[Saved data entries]
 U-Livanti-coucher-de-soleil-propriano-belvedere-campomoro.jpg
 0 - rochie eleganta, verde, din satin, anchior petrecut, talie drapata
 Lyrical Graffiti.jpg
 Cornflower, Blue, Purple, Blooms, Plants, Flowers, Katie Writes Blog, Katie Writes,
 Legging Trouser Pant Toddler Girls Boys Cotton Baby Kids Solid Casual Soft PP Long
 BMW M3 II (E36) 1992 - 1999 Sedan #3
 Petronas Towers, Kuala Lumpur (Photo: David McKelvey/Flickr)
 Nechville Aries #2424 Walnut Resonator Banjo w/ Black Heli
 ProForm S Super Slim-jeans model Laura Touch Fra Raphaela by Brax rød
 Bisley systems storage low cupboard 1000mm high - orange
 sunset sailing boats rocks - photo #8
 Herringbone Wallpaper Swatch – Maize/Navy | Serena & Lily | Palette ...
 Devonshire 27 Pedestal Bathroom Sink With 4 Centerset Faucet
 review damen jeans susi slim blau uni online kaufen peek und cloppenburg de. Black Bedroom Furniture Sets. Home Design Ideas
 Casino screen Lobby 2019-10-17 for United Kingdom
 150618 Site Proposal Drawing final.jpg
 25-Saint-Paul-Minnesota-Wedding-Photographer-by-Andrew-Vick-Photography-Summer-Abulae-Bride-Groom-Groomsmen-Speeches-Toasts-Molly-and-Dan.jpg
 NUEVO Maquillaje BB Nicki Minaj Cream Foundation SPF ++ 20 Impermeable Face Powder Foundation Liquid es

WHAT IS NEEDED: Print all of the data exactly as it stands above.

RESULT FOR THIS EXERCISE:
 U-Livanti-coucher-de-soleil-propriano-belvedere-campomoro.jpg
 0 - rochie eleganta, verde, din satin, anchior petrecut, talie drapata
 Lyrical Graffiti.jpg
 Cornflower, Blue, Purple, Blooms, Plants, Flowers, Katie Writes Blog, Katie Writes,
 Legging Trouser Pant Toddler Girls Boys Cotton Baby Kids Solid Casual Soft PP Long
 BMW M3 II (E36) 1992 - 1999 Sedan #3
 Petronas Towers, Kuala Lumpur (Photo: David McKelvey/Flickr)
 Nechville Aries #2424 Walnut Resonator Banjo w/ Black Heli
 ProForm S Super Slim-jeans model Laura Touch Fra Raphaela by Brax rød
 Bisley systems storage low cupboard 1000mm high - orange
 sunset sailing boats rocks - photo #8
 Herringbone Wallpaper Swatch – Maize/Navy | Serena & Lily | Palette ...
 Devonshire 27 Pedestal Bathroom Sink With 4 Centerset Faucet
 review damen jeans susi slim blau uni online kaufen peek und cloppenburg de. Black Bedroom Furniture Sets. Home Design Ideas
 Casino screen Lobby 2019-10-17 for United Kingdom
 150618 Site Proposal Drawing final.jpg
 25-Saint-Paul-Minnesota-Wedding-Photographer-by-Andrew-Vick-Photography-Summer-Abulae-Bride-Groom-Groomsmen-Speeches-Toasts-Molly-and-Dan.jpg
 NUEVO Maquillaje BB Nicki Minaj Cream Foundation SPF ++ 20 Impermeable Face Powder Foundation Liquid es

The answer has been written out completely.